There has been interest in loosening these constraints to support use cases that blur the existing separation between dimensions and metrics, e.g., filtering on numeric columns, aggregating dimensions at query time.
A recent discussion on these topics can be found here:
This proposal calls for two major changes/features:
-----
1.) Remove the assumption that dimensions always have string values.
This change is a path towards reducing the distinction between dimensions and metrics.
This would involve changes to:
- IncrementalIndex, IndexMerger, etc. (ingestion)
- StorageAdapters (querying)
- On-disk format of segments (storage)
- Ingestion specs, allow user to specify dimension types (e.g., String, Long, Double)
(Perhaps this is also a good time to redesign spatial dimensions to be less of a "special case"?)
-----
2.) Allow user to choose per-column index strategies
Druid could support a wider range of index types beyond bitmaps. Giving users control over what indexes are used on a per-column basis could make Druid more powerful and efficient.
For example, if a dimension is expected to have high cardinality and range filters applied to it, the user may want to choose a tree-based index instead of bitmaps.
As another example, trie indexes could be used to better support text search on dimension values.
The existing ColumnCapabilities class could be used to describe what indexes are supported for a column.
This would involve substantial changes to:
- query-related components
- on-disk storage format
- ingestion specs
-----
These two changes are conceptually separate and could probably be implemented separately (with some later merging/adjustment), although either would be more beneficial with the other change present.
However, it would probably be cleaner/less churn to implement the non-String dimensions first.

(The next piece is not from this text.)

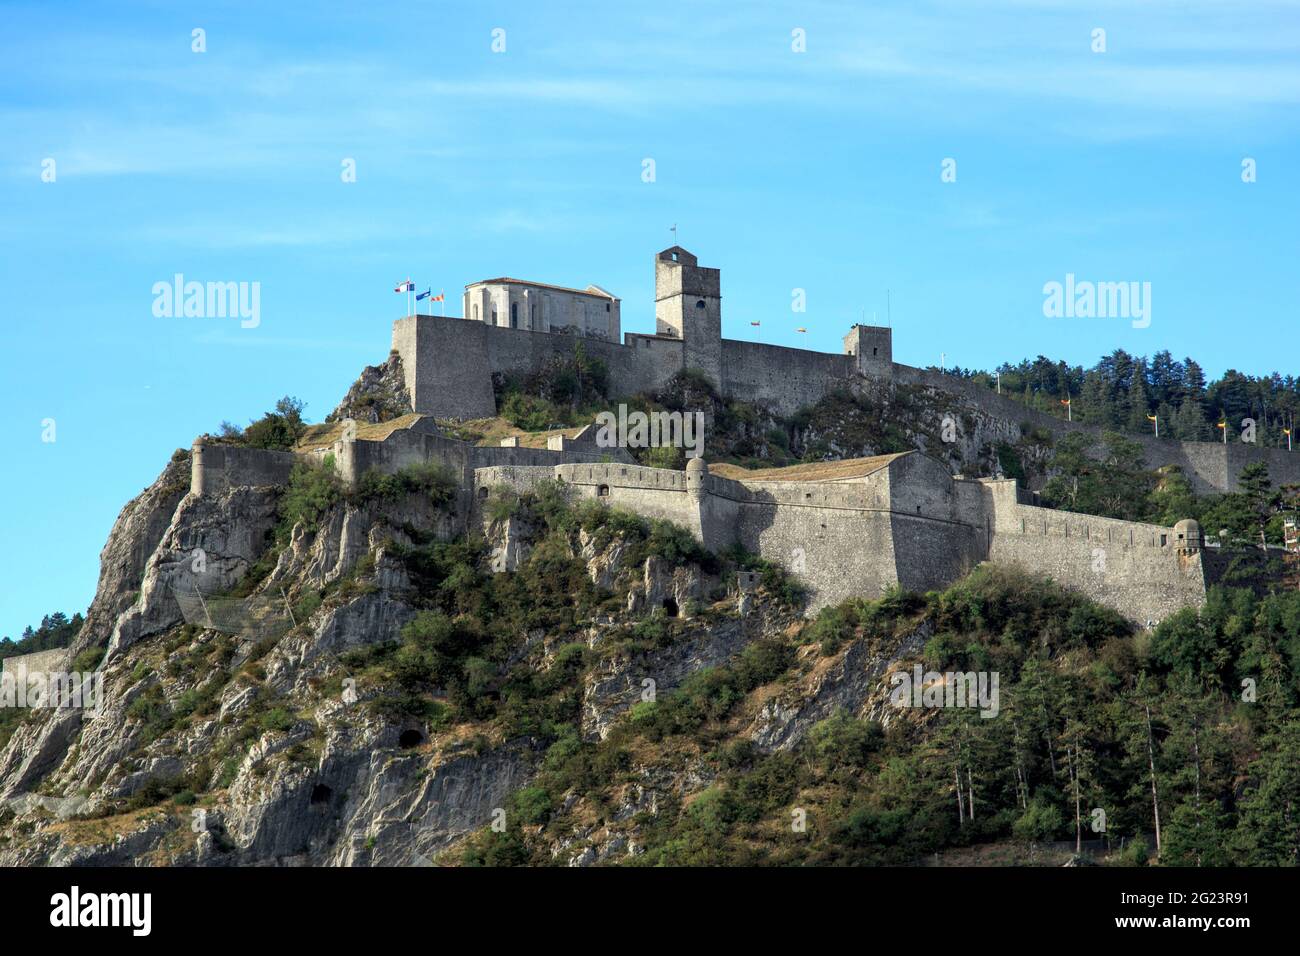 Sisteron (sud-est de la France) : la citadelle, bâtiment classé monument historique national (monument historique français) Banque D'Images

A roadmap for this proposal could be:
1. Replace IncrementalIndex with a new Index that accepts non-String dimensions
2. Adjust disk storage format and ingestion specs
3. Update querying logic to be aware of non-String dimensions
4. Implement per-column index type selection
5. Add a new index type that better supports range queries (appears to be the most common use case for numerical dimensions?)
6. Add other index types as needed
If this plan sounds sensible, shall we go ahead and create github issues for the roadmap items? I am thinking of working on the first item.
Thanks,
Jon